Todos os dias, o convento recebe pelo menos uma dúzia de pedidos de adesão à ordem de lugares tão distantes como México, Irlanda, Alemanha e Estados Unidos.

“Mas nem todo mundo pode fazer isso”, disse Jigme Yangchen Ghamo, uma freira. “Parece atraente por fora, mas por dentro é uma vida difícil.”

“Nossas vidas”, ela acrescentou, “são regidas por tantas regras que até mesmo ter um bolso nas vestes vem com restrições”.

Em um dia recente, as freiras acordaram às 3 da manhã e começaram a meditar em seus dormitórios. Antes do amanhecer, eles caminharam em direção ao templo principal, onde uma monja mestre de canto, Tsondus Chuskit, conduzia as orações. Sentadas de pernas cruzadas em bancos, as freiras percorreram o texto da oração em seus iPads, introduzidos para minimizar o uso de papel.
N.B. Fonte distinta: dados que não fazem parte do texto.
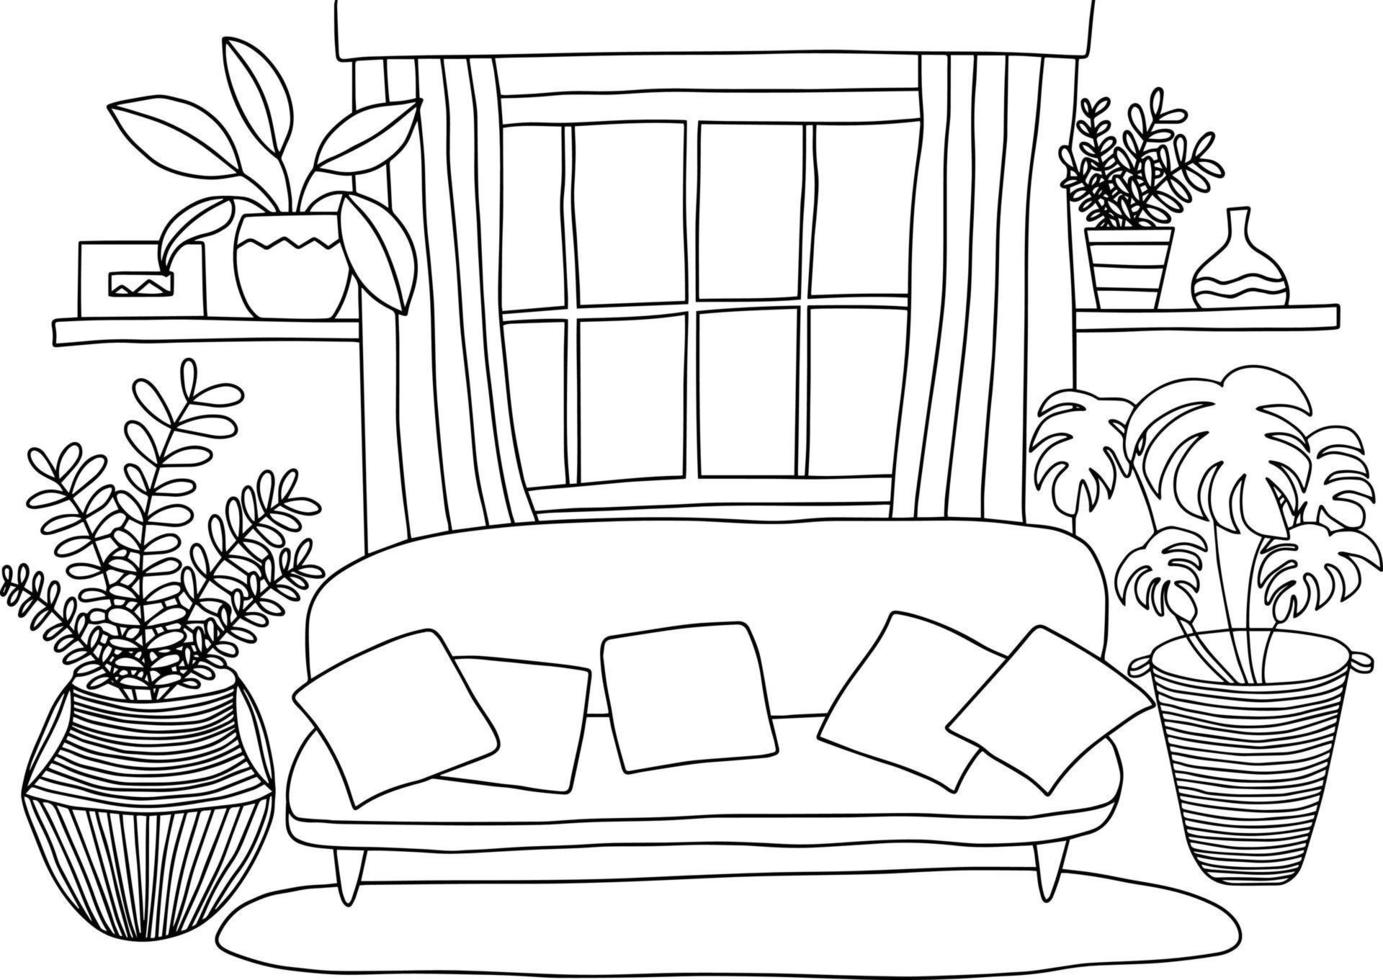 Cozy living room coloring page. Living room interior design. Cute coloring book for children and adults vector

Então, em uníssono, eles começaram a cantar, e o templo de cores vivas se encheu com o som de tambores, buzinas e sinos.

Depois das orações, as freiras se reuniram do lado de fora.

Jigmet Namdak Dolker tinha cerca de 12 anos quando notou um fluxo de freiras Drukpa passando pela casa de seu tio em Ladakh, na Índia. Filho adotivo, ela saiu correndo e começou a andar com eles.

Ela queria se tornar freira e implorou ao tio para deixá-la ingressar no convento de Drukpa, mas ele recusou.

Um dia, quatro anos depois, ela saiu de casa e se juntou a milhares de pessoas comemorando o aniversário de Jigme Pema Wangchen, o chefe da seita. Ela acabou indo para o convento e nunca mais voltou.

E como ela se sente depois de sete anos, seis dos quais passou praticando Kung Fu?

“Orgulhoso. Liberdade para fazer o que eu quiser”, disse ela, “e tão forte por dentro que posso fazer qualquer coisa”.

Bhadra Sharma contribuindo com relatórios.